Collected data:
|---|

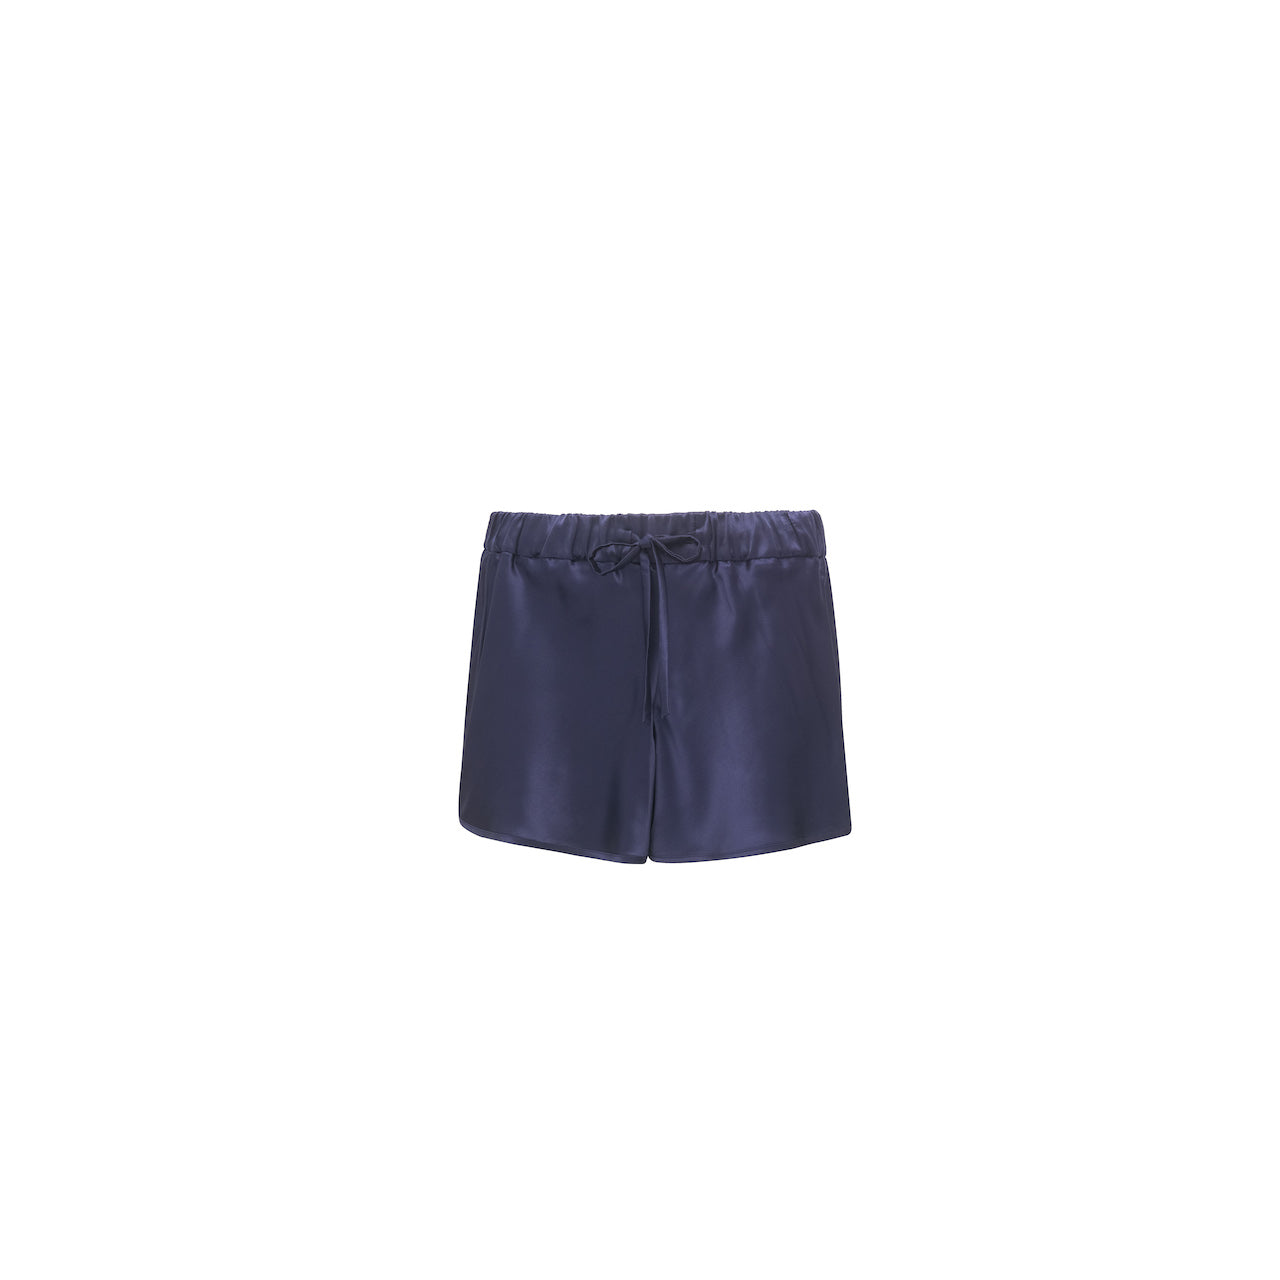 Silk sleep shorts Medium GHS20 Clearance Price: GHS10 🤎❤️ Sold
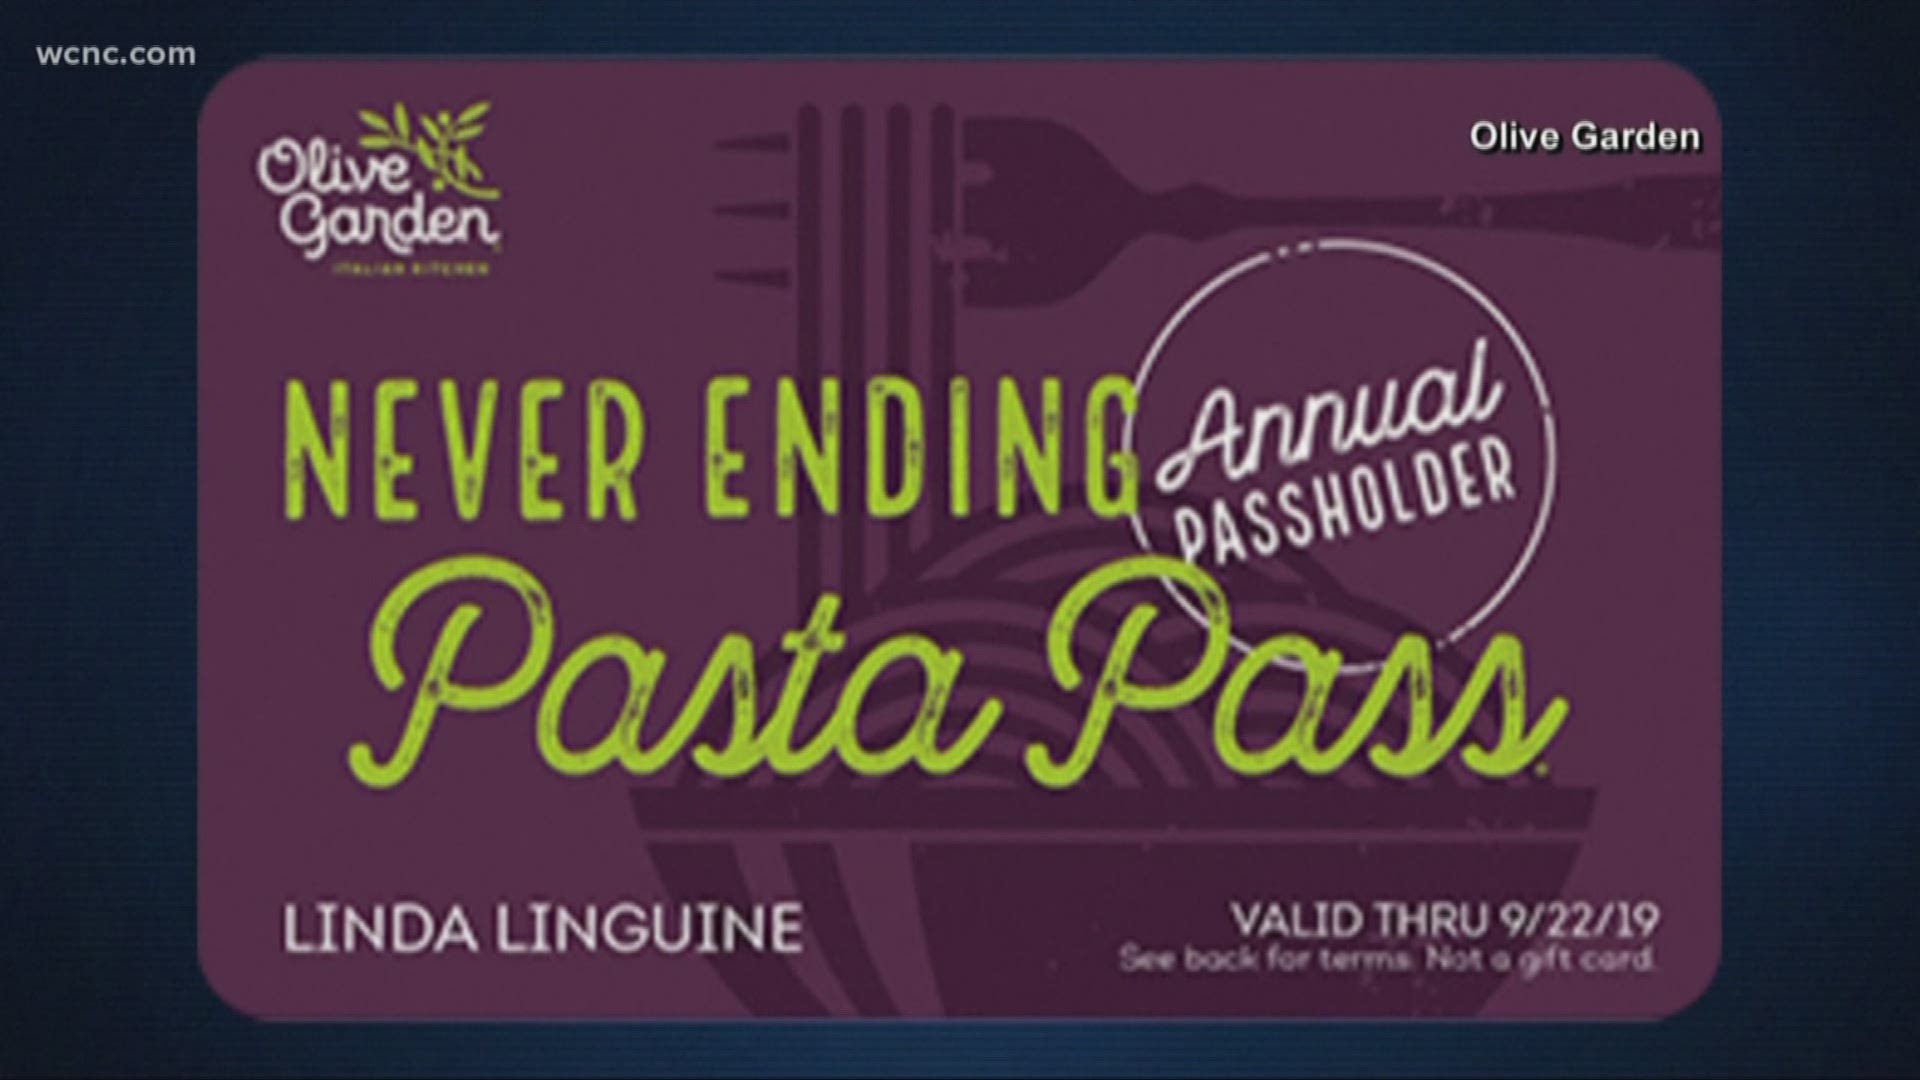 Olive Garden's Never Ending Pasta Pass is back
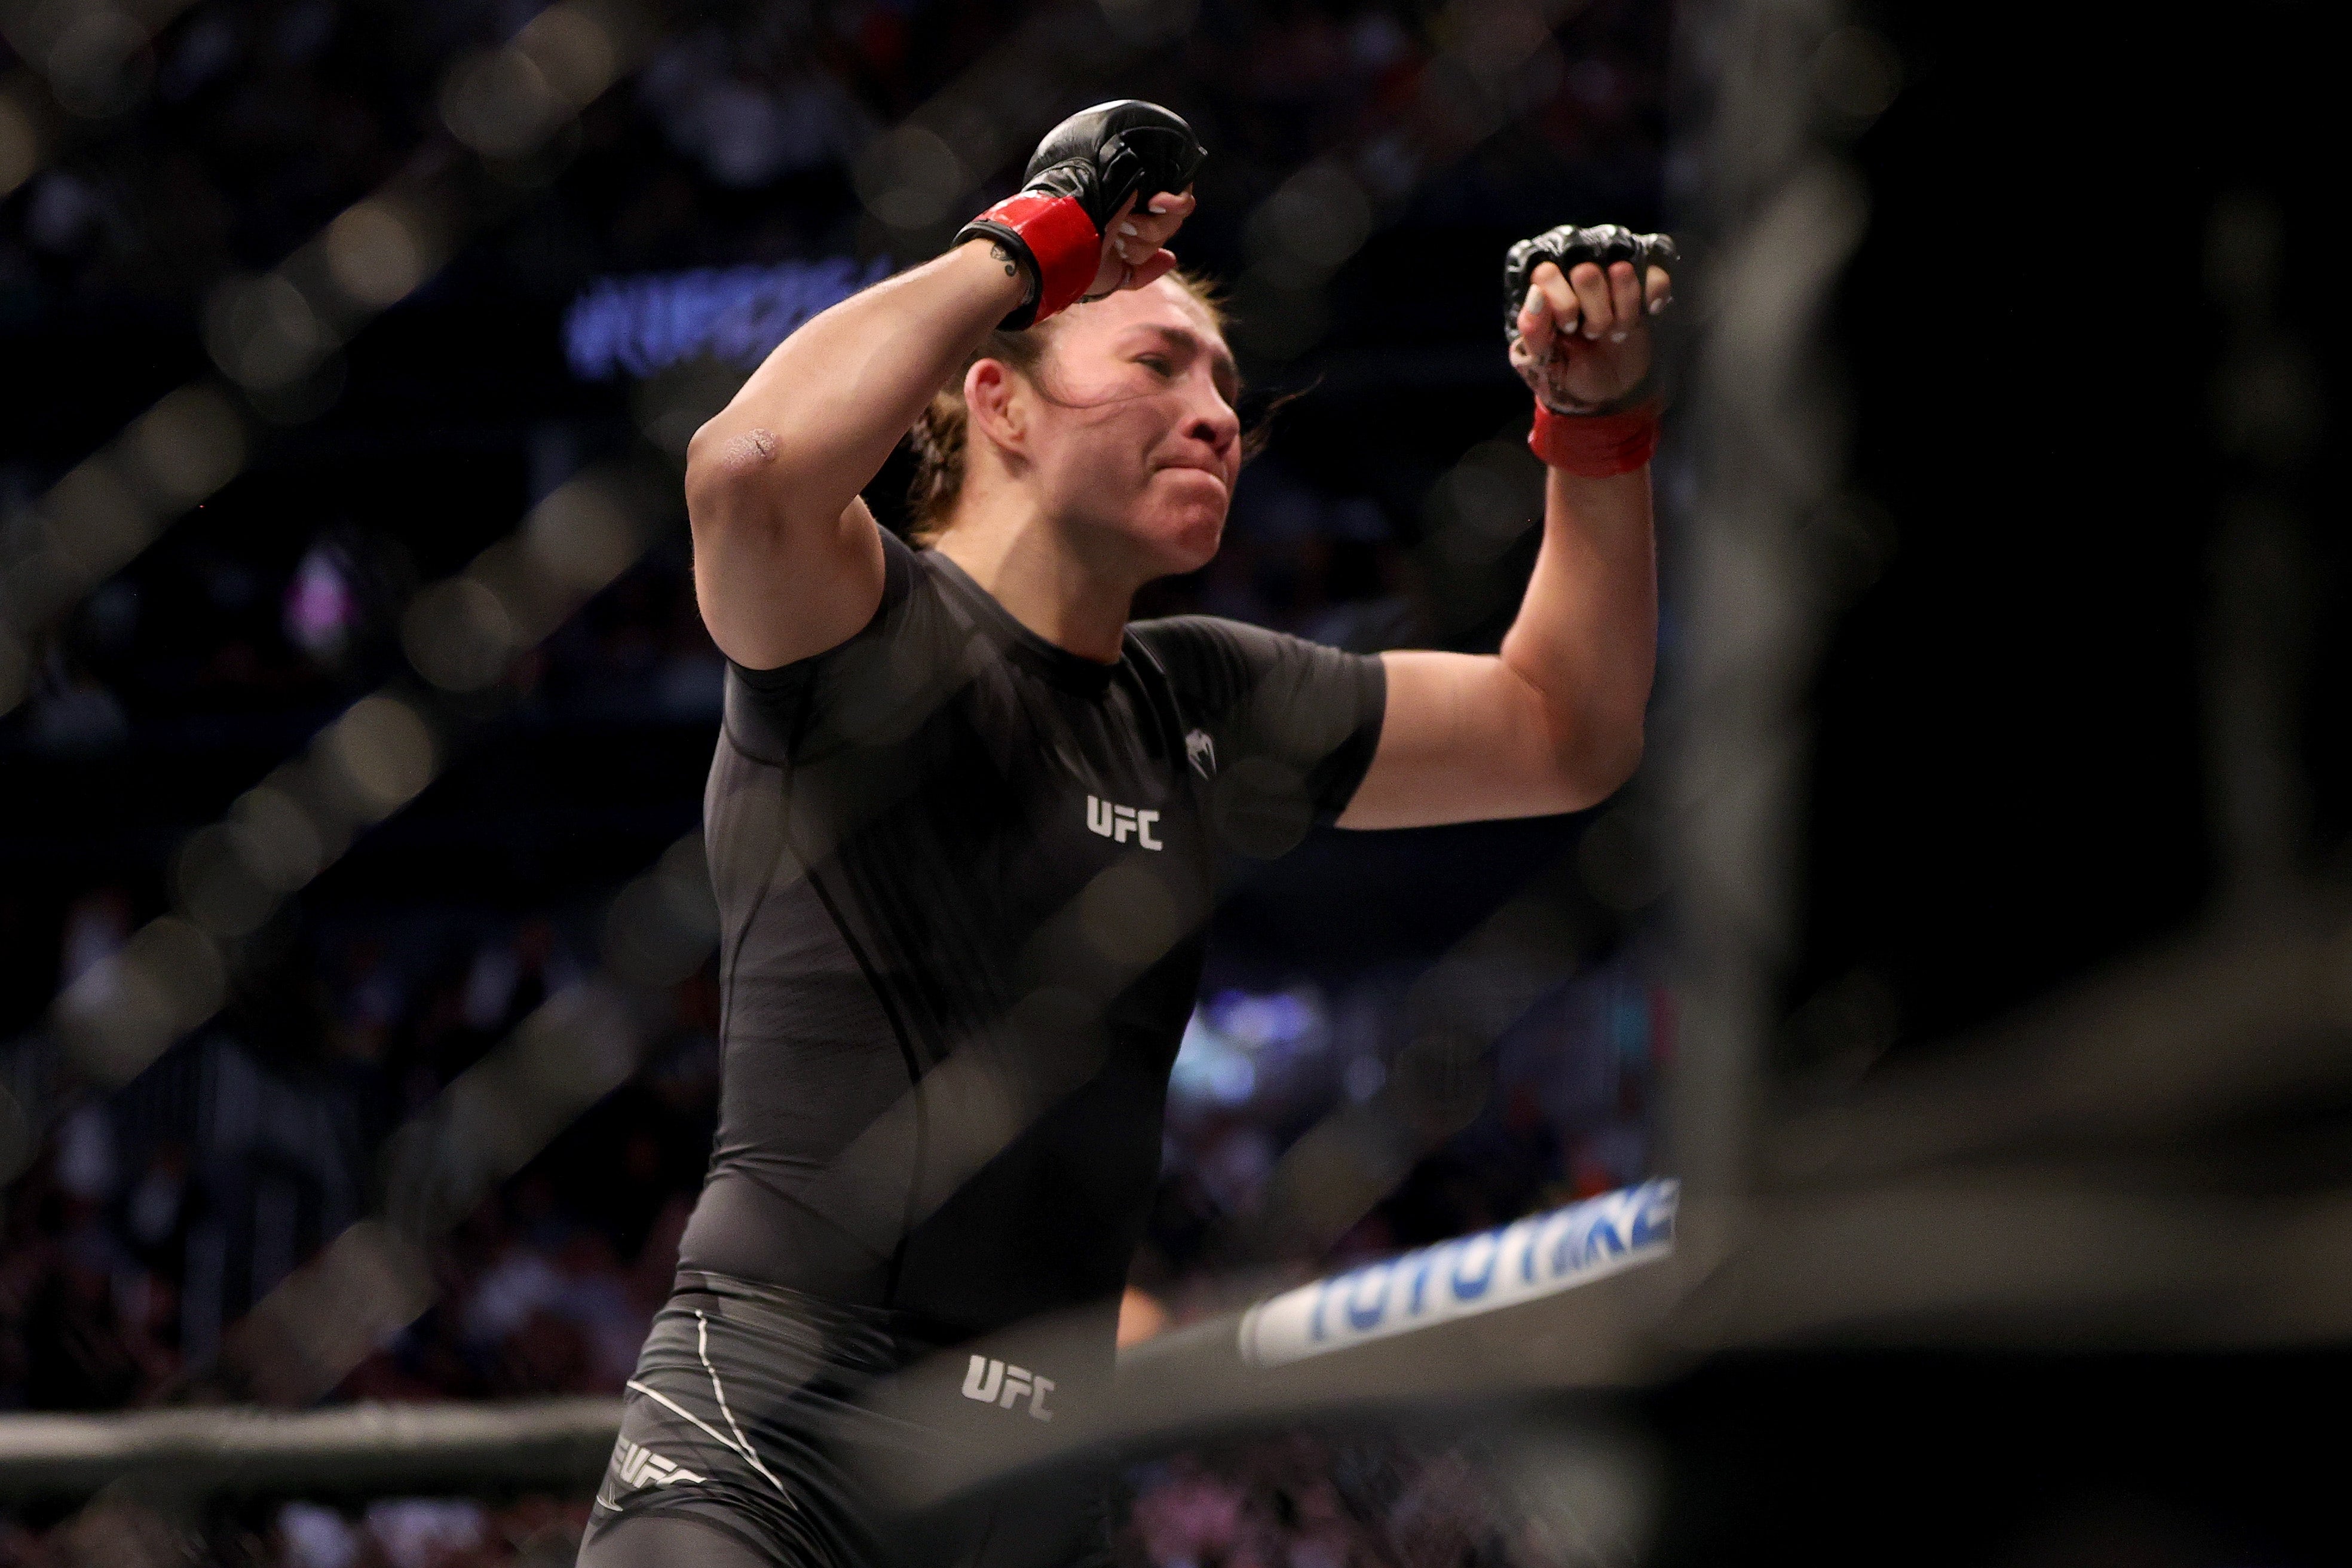 Irene Aldana will challenge for the UFC women’s bantamweight title

|---|

The task: Return the complete material above exactly, with no picture.

Your response:
 Silk sleep shorts Medium GHS20 Clearance Price: GHS10 🤎❤️ Sold
 Olive Garden's Never Ending Pasta Pass is back
 Irene Aldana will challenge for the UFC women’s bantamweight title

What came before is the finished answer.